The Bill had overwhelmingly passed the Maryland House of Delegates, raising great concern that it might become law and lead to the appearance of similar bills in other state legislatures. The Bill would have banned all class action waivers, regardless of the nature of the contract, the type or dollar amount of the claim(s), and/or the consumer’s ability to find representation.

This is a significant victory for consumers and employees. Empirical data confirms that arbitration is faster and more cost-effective than the courts for resolving disputes. The data also establishes that consumers and employees do at least as well in arbitration as they do in court. See, for example, the studies conducted by the Searle Civil Justice Institute of Northwestern University School of Law during 2009, published at C. Drahozal and S. Zyontz, “An Empirical Study of AAA Consumer Arbitrations,” 25 Ohio St. J. on Disp. Resol. 843 (2010), and C. Drahozal and S. Zyontz, “Creditor Claims in Arbitration and in Court,” 7 Hastings Bus. L. J. 77 (2011). As the U.S. Supreme Court itself has emphasized, by avoiding the delay and expense of litigation, arbitration is “helpful to individuals … complaining about a product, who need a less expensive alternative to litigation.” Allied-Bruce Terminix Cos., Inc. v. Dobson, 513 U.S. 265, 280 (1995). (Click here to read an earlier legal alert on the Bill.)
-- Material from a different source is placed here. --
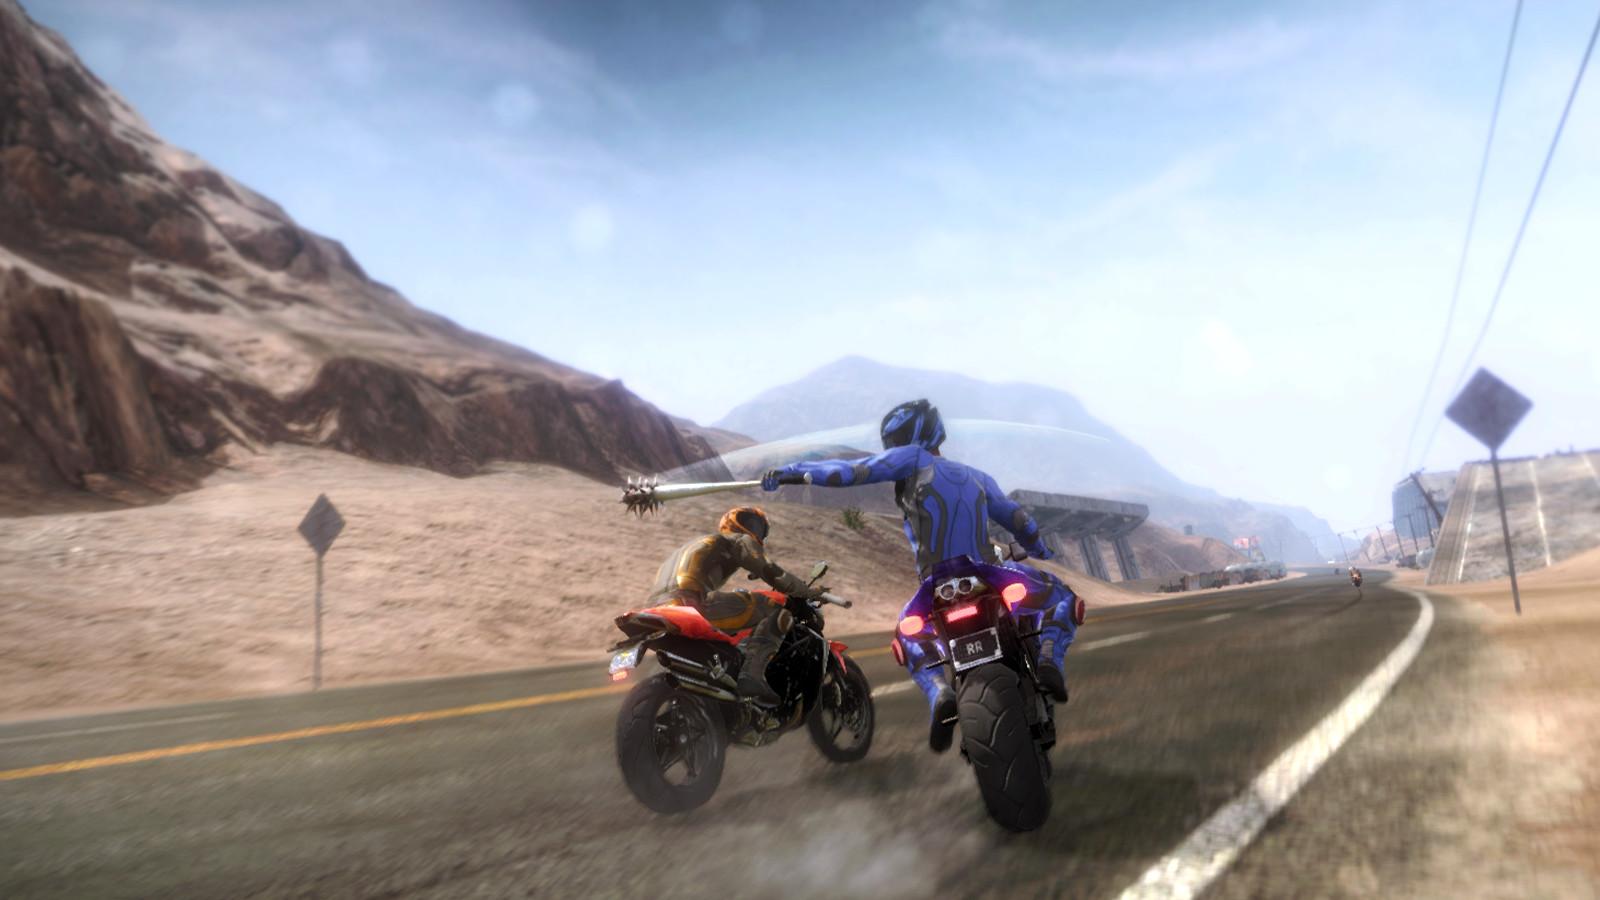 暴力摩托车2009简介:暴力摩托车2009的游戏介绍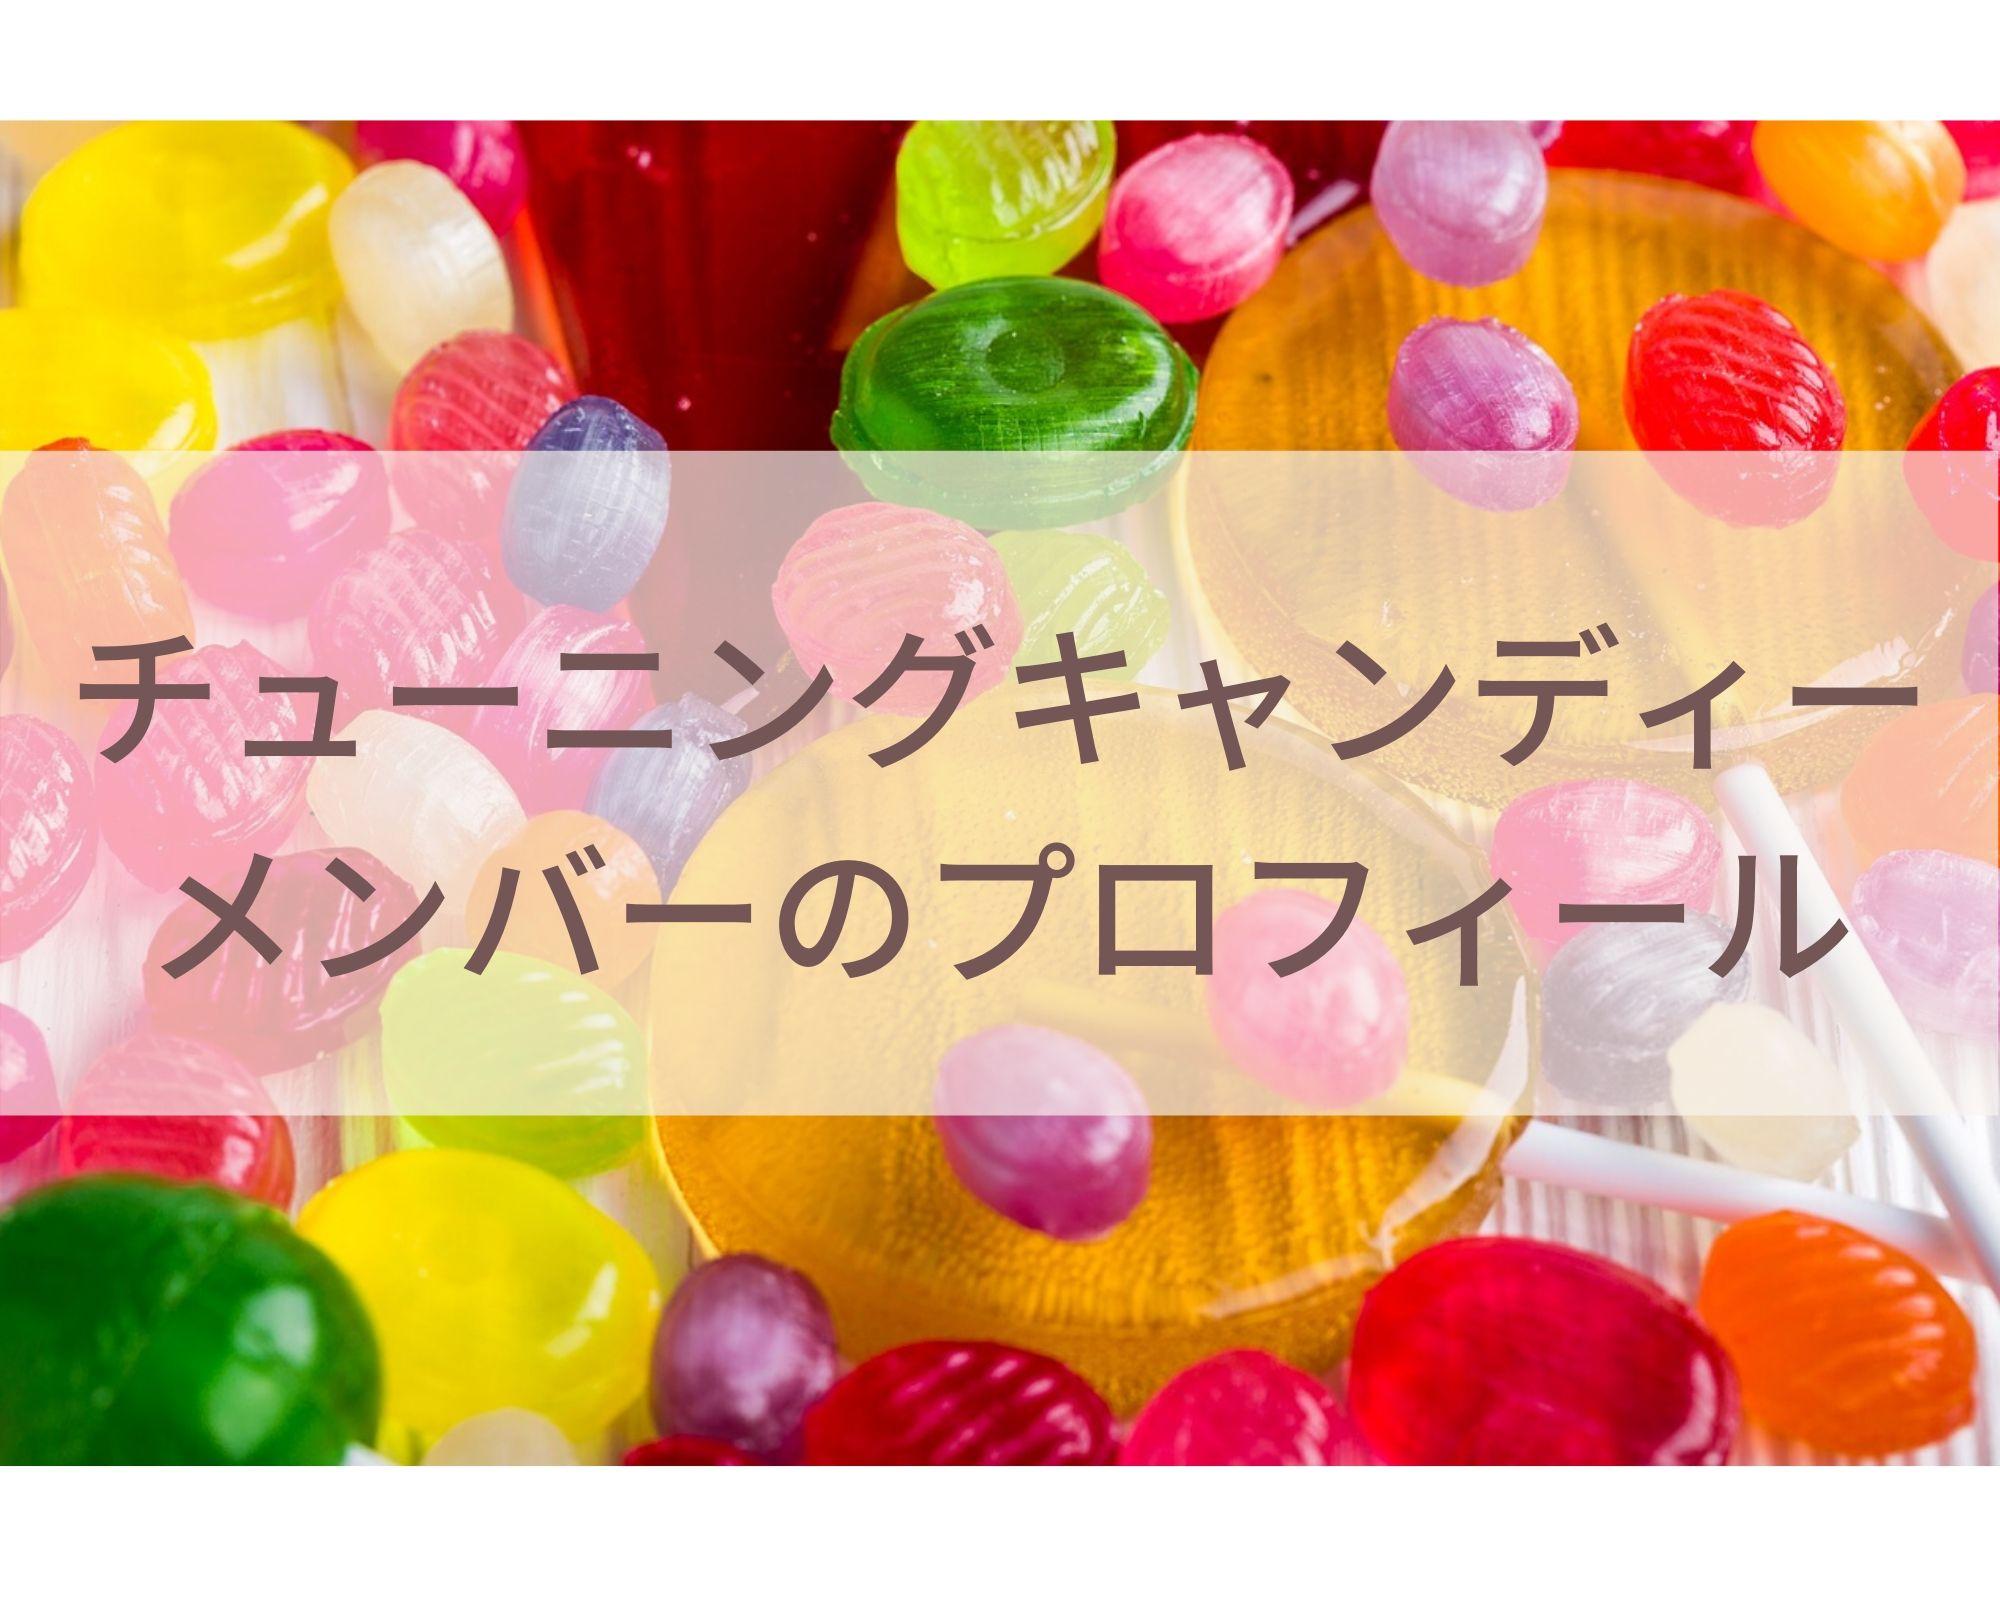 チューニングキャンディー記事タイトル

Ballard Spahr’s Consumer Financial Services Group is nationally recognized for its skill in litigation defense and avoidance, including pioneering work in pre-dispute arbitration programs. For further information, please contact Alan S. Kaplinsky, Group Chair, at 215.864.8544 or kaplinsky@ballardspahr.com, or Mark J. Levin at 215.864.8235 or levinmj@ballardspahr.com.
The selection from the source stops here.